= Men (kendo) =

Technical term in Kendo

Men, written with the kanji (面) means "face" or "helmet".

Men is one of the five strikes in kendo (along with tsuki, dō, hidari kote and migi kote). It is a long slashing stroke that falls on the centre-line of the head. Men also designates the movement, the target, and the part of the kendo armour that covers the whole head. The kiai for this strike, as for all strikes in kendo, is the name of the target area.

The men strike is executed as a vertical slash in numerous ways. The basic technique is to raise the shinai or sword such that it is forty-five degrees from the vertical behind the swordsman's head, with the tip either directly above the tsuba or directly above the right point of the acromion (as viewed from the front), and the left hand exactly one fist from the forehead.

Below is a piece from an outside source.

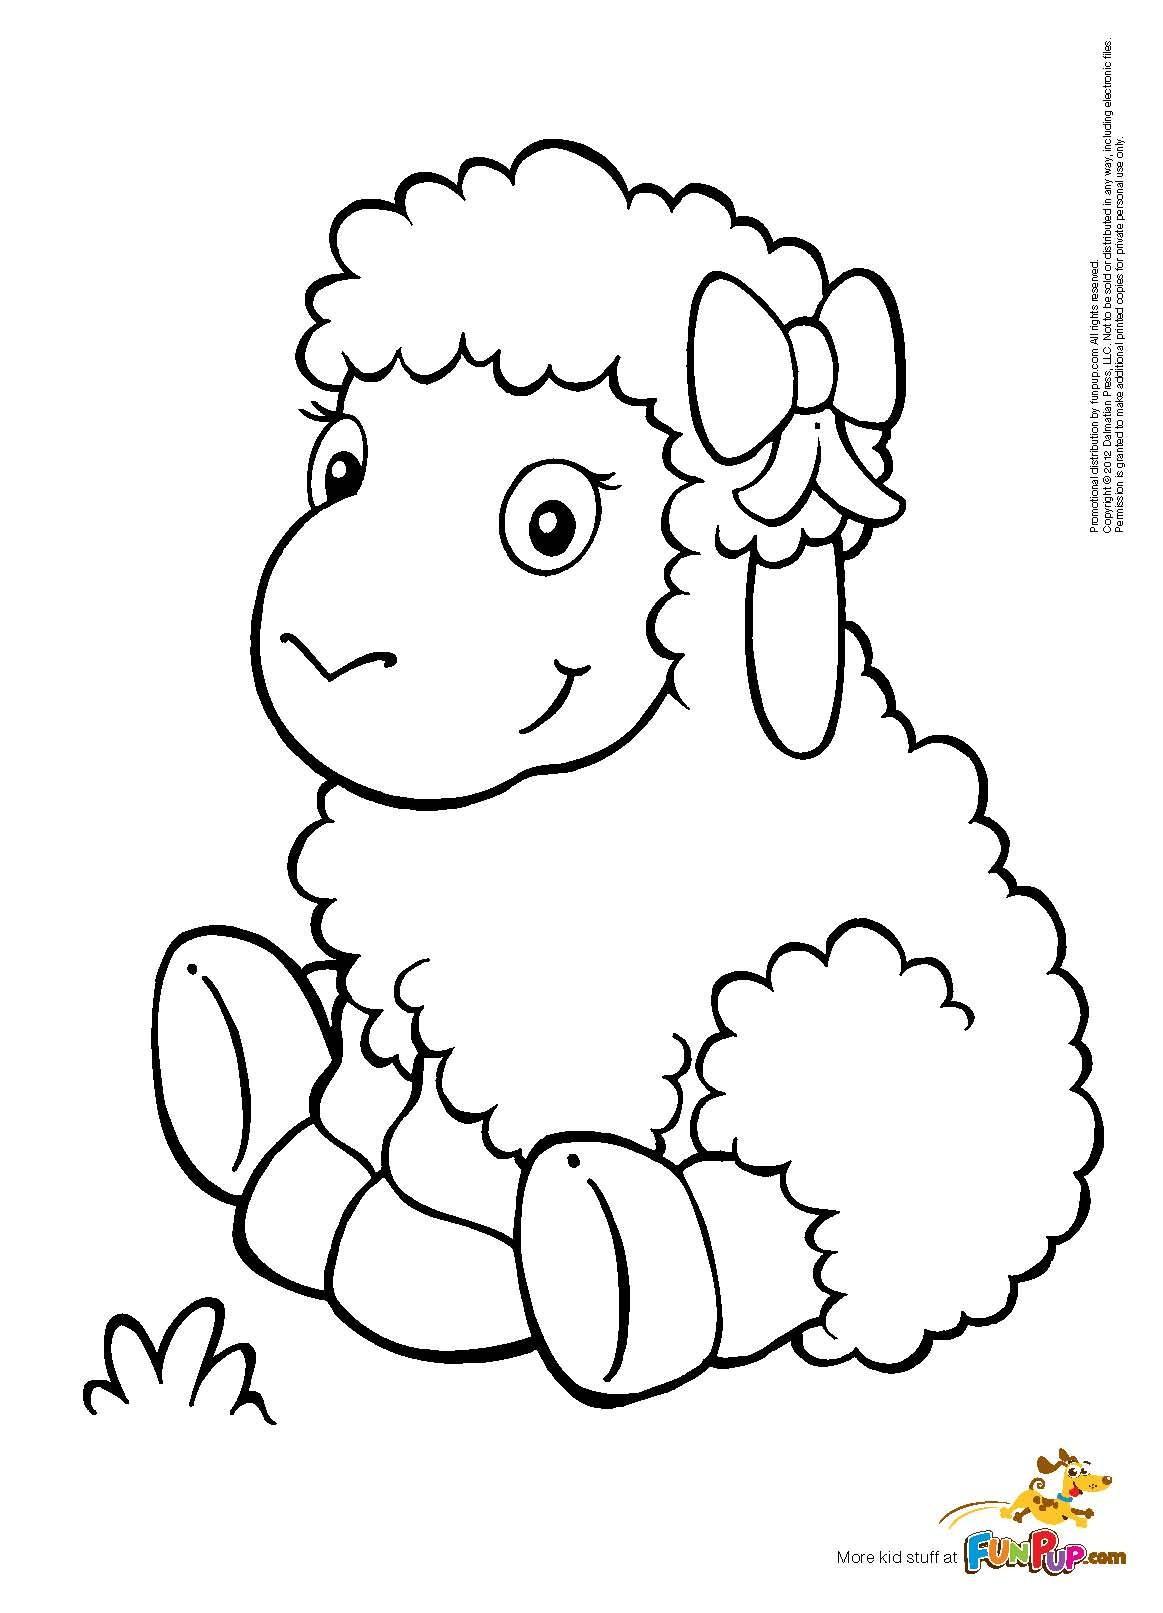 Baby Lamb Drawing at GetDrawings.com | Free for personal ...

From this position, power is given from the left hand to bring the sword down. At the point at which the shinai strikes the opponent, both right and left hands should be squeezed for a second which is called tenouchi, (手の内) also the right arm must be exactly parallel with the ground and at shoulder height. The shoulders should be relaxed. At the moment of the strike, both hands should flex inwards in a movement called shibori, (絞り) the Japanese verb for "to wring out (a cloth)". This flexion should only be maintained for an instant. It serves to make the strike clean, fast, and bring the shinai off the target area such that a follow-up strike can be made with great ease.

Sa-yu men (左右面) strikes - or hidari (left, 左) and migi (right, 右) men, respectively - are variants on the men strike and are made at points either fifteen degrees to the left or right of centreline as drawn from the point between the eyes to the top of the head. This strike is made only with a subtle variation on the basic men technique. The tip is simply directed slightly more left or right as it is cocked back into the ready position.

Men is the first and most practiced strike in kendo. It is a favourable attack for those with a height advantage.